The Thin Line of Judgment

Source: Damon Winter/The New York Times
Source: Damon Winter/The New York Times

Late last year I decided to see what it would be like to spend an entire year staying off of Facebook. The site had slowly become a place where I was developing an unhealthy disregard for people and their opinions. Instead of something fun or positive, I ended up casting negative judgments on friends and family for whatever it was they were posting.

I was fast turning into a living caricature of the proverbial “angry old man.”

I thought it best to spend time away from all of that, read more books and magazines, etc. Except for this blog, of course, I unplugged a wee bit. I closed my Facebook account and its remained that way for all of 2016.

Where I left a little wiggle room, however, was to keep my Twitter account open. Unlike Facebook, I use Twitter as a way to stay current with journalists and op-ed writers who I enjoy reading. I find it easier to go there to find their latest article or column rather than trying to remember the name of the newspaper, magazine, or web site on which they are published.
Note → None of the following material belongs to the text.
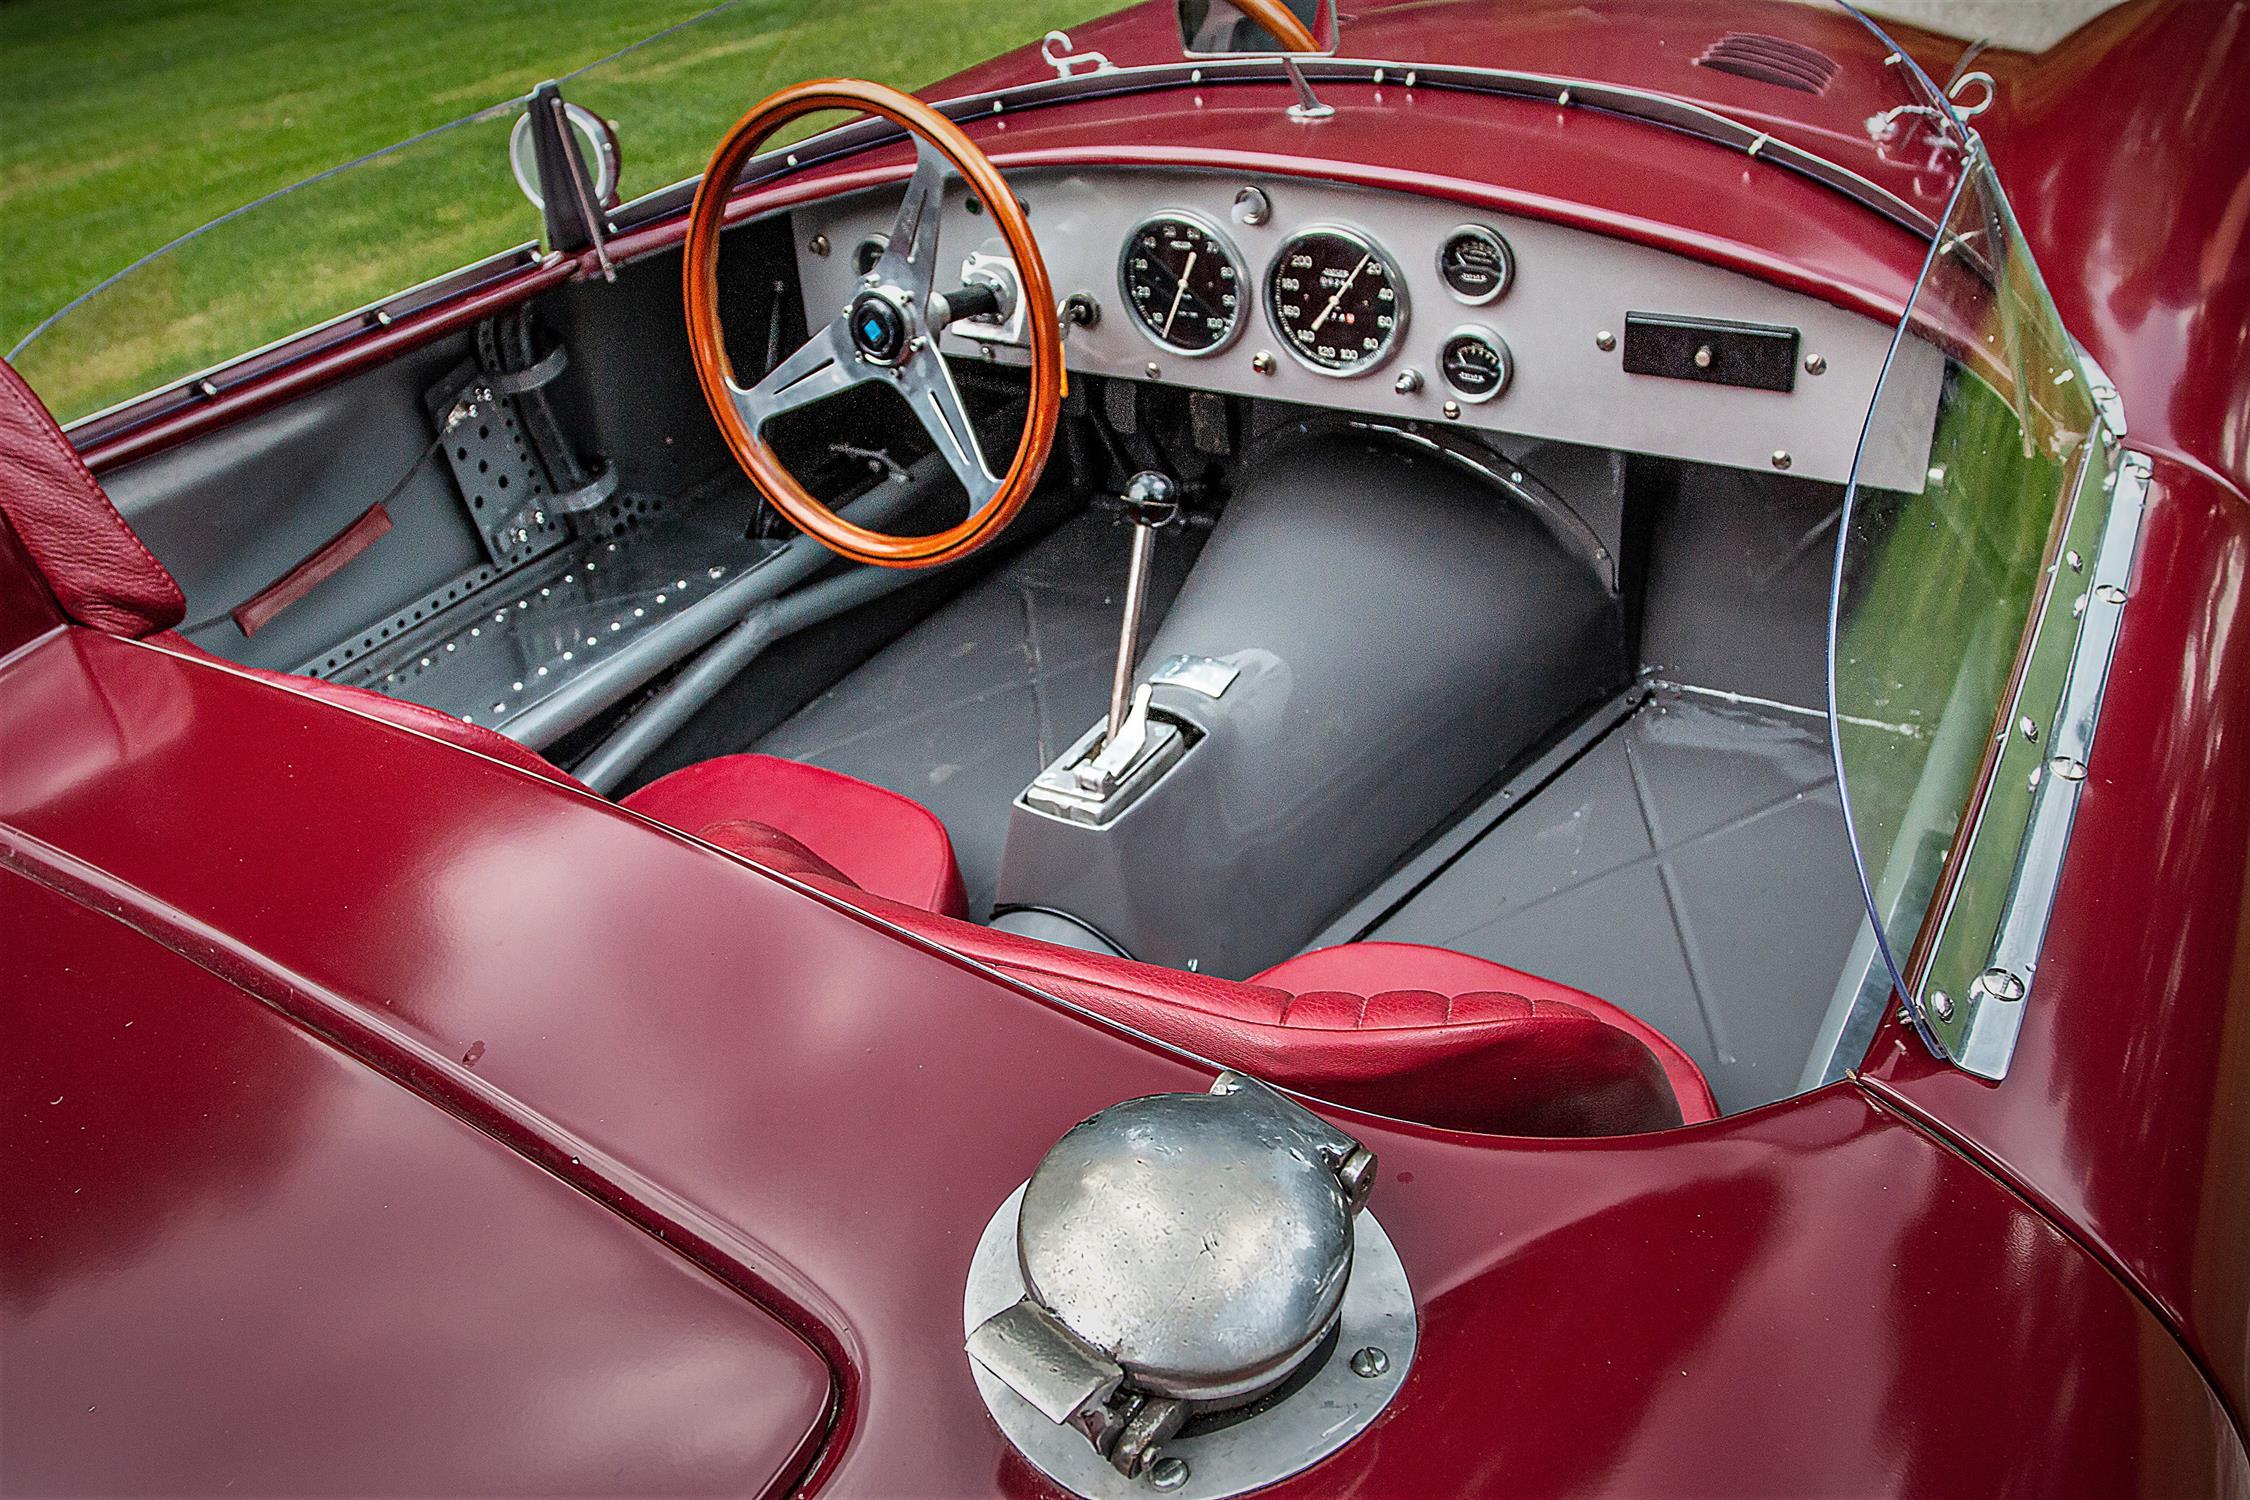 1952 Alfa 1900 ATL Barchetta - Image 2 of 10
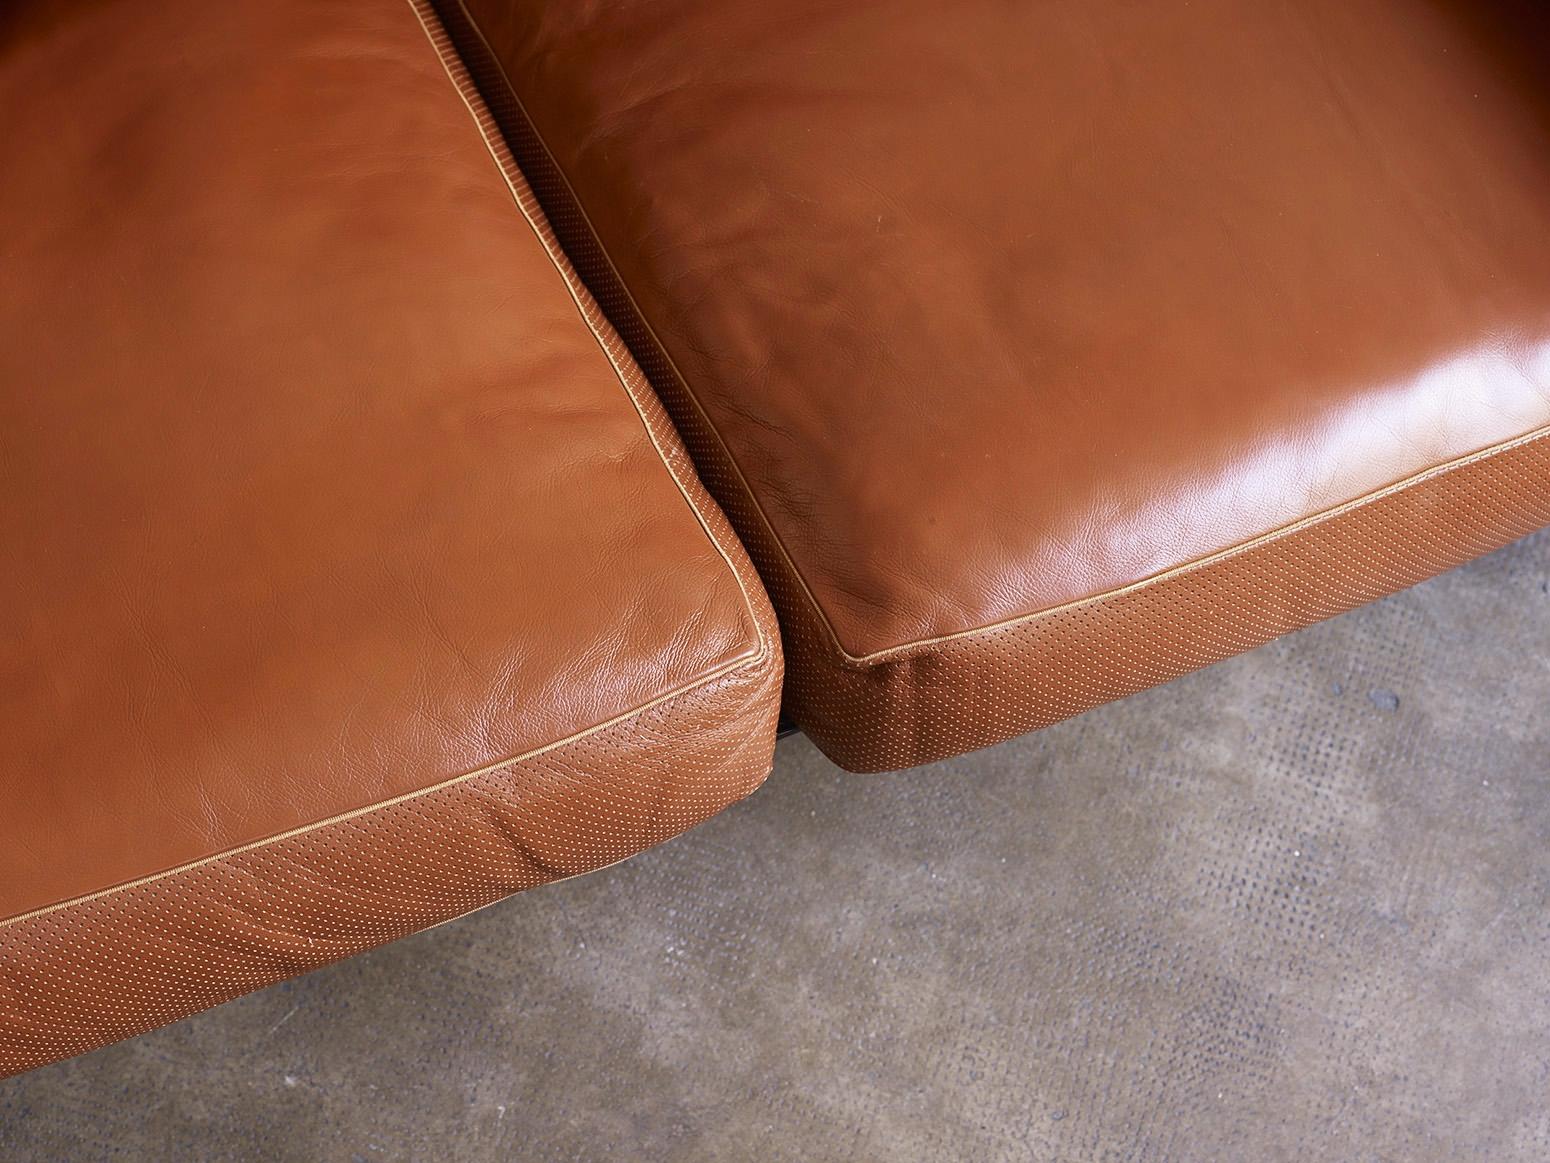 sofa-diesis-a-citterio-bb-italia-image-05

But now, though, I’ve come to question even that activity in recent days.

The revelation of Anthony Weiner’s sexting relapse, coupled with the news of his marital separation from Huma Abedin, opened up the floodgates for anyone with a social media account to scrawl out a 140 character invective about Mr. Weiner’s indiscretions. What I read before I finally closed the browser for good was incendiary enough to once again remind me that there are limits to my own tolerance for trolling.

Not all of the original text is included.